Sacrifice: Its Nature and Purpose

Written by Godfrey Ashby Reviewed By Philip Jenson

‘Near Eastern feasts and feast-sacrifices were not formal state banquets or dinner parties. Flies hovered around them, dogs roamed on the fringes and kites sat on nearby trees whilst vultures glided on the thermals above.’ The author of this enjoyable and wide-ranging book has evidently thought hard and long about the difficulty modern readers of the Bible have in understanding a custom which is beyond their experience. The author was Professor of Divinity in a South African university and is now an Anglican assistant bishop, and this dual background is evident in his concern to expound sacrifice sympathetically (it is still a living language in many African tribes) and theologically (for it is an important language when Christians talk about the death of Christ).

Perhaps the most valuable feature of the volume is the author’s sharp eye for the hidden assumptions and errors of method which have long hindered a proper understanding of sacrifice. The beginning of the book helpfully sets out what sacrifice means for most people today, and warns that the language of sacrifice needs to be rehabilitated. There follows a useful survey of some of the numerous theories of sacrifice, ending with a key discussion of sacrifice as communication between God and man through a material medium. At various points Ashby draws on the anthropological model of a rite de passage, although I felt that the model was not defined and developed sufficiently. The final chapters provide some challenging observations about the meaning of sacrifice in the context of the Eucharist and in the continuing life of Christians. Those of us with roots in the Protestant and evangelical traditions would do well to consider carefully the points he makes.

But the substance of the book comprises a discussion of sacrifice in the Bible, and although he makes valuable observations on every page, many of his interpretations will be disputed. The chapter on Hebrew sacrifice includes a number of assertions proposed without sufficient argument, and he does not really do justice to the complexity of the OT texts and the variety of alternative interpretations (he does not refer at all to the writings of Jewish scholars much as Milgrom and Levine). There are also errors in detail (e.g. p. 30, ‘regular bread’ can translate lehem hattamid (Nu. 4:7) not lehem happanim; p. 32, the ‘asham and not the chattath is a reparation offering; p. 34, a bull not an ox is offered—the distinction is important in the priestly system; p. 58, read chattath for ‘asham; the purification offering is regularly translated chattah rather than chattath).

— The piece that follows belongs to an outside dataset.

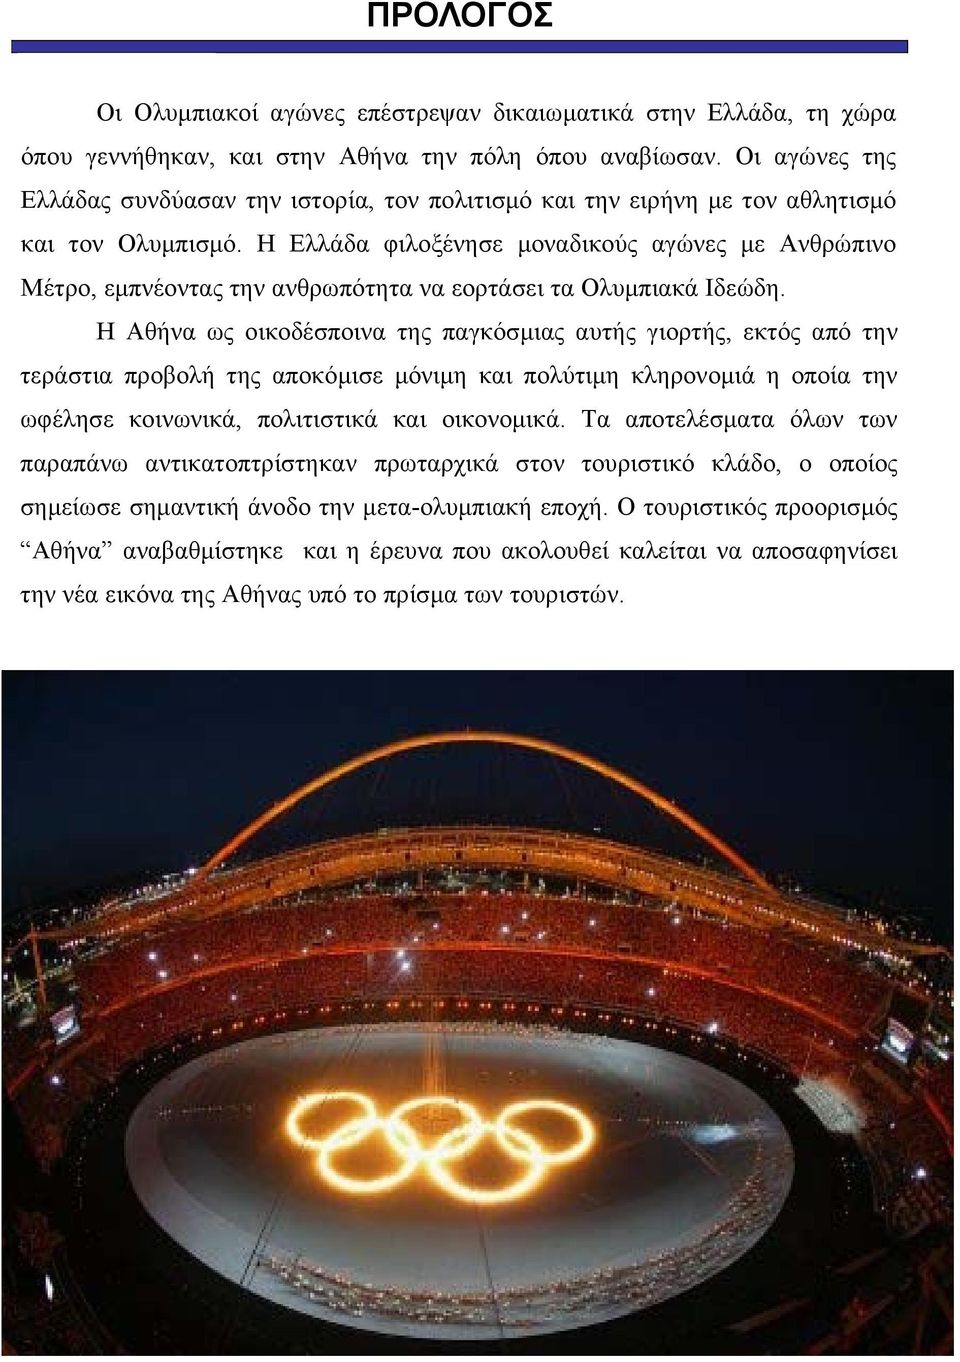 Η Ελλάδα φιλοξένησε μοναδικούς αγώνες με Ανθρώπινο Μέτρο, εμπνέοντας την ανθρωπότητα να εορτάσει τα Ολυμπιακά Ιδεώδη.

But the book is unapologetically a Christian interpretation of sacrifice, and so at the heart of the book is a discussion of the death of Christ. The author firmly believes that at the centre of the atonement is the theory of sacrifice (p. 56), although this leads to the curious assertion that the concepts of redemption and justification are primarily translations for those who have a non-sacrificial background. However, these concepts have as good an OT pedigree as sacrifice, and it seems clear that in books such as Romans the argument is concerned primarily with the righteousness of God, and sacrifice comes in only as a secondary theme. The deeper question is whether any language or model can be identified with the reality of Christ’s achievement. I would prefer to say that the gospel of the death and resurrection of Christ transcends all languages, while requiring an appropriate translation in them all.

Similar problems arise in the discussion of Passover, to which a separate chapter is devoted. The prominence of this festival in the passion narratives and elsewhere in the NT leads the author to claim that so little was said about Christ’s sacrificial death because it was obvious (p. 68). However, it is one thing to point to the evidence for a Passover motif, it is another to claim that Passover is the key to the passion, or that the sacrifice is the central feature of Passover. Passover, like sacrifice, is linked to many other themes, such as covenant, salvation and obedience (as Ashby himself shows). It is not at all obvious that the mention of one of these entails a reference to sacrifice. Sacrifice may well be only one of the languages in which the significance of Christ can be proclaimed.

It will be clear that I continue to search for a definitive discussion of sacrifice in the Bible. Meanwhile, I am grateful for many of the excellent points that this volume makes about its subject. The way he points out dubious assumptions, often with great wit, would alone make this book worth reading. It fills a gap in the literature, and may be read with profit alongside more detailed studies.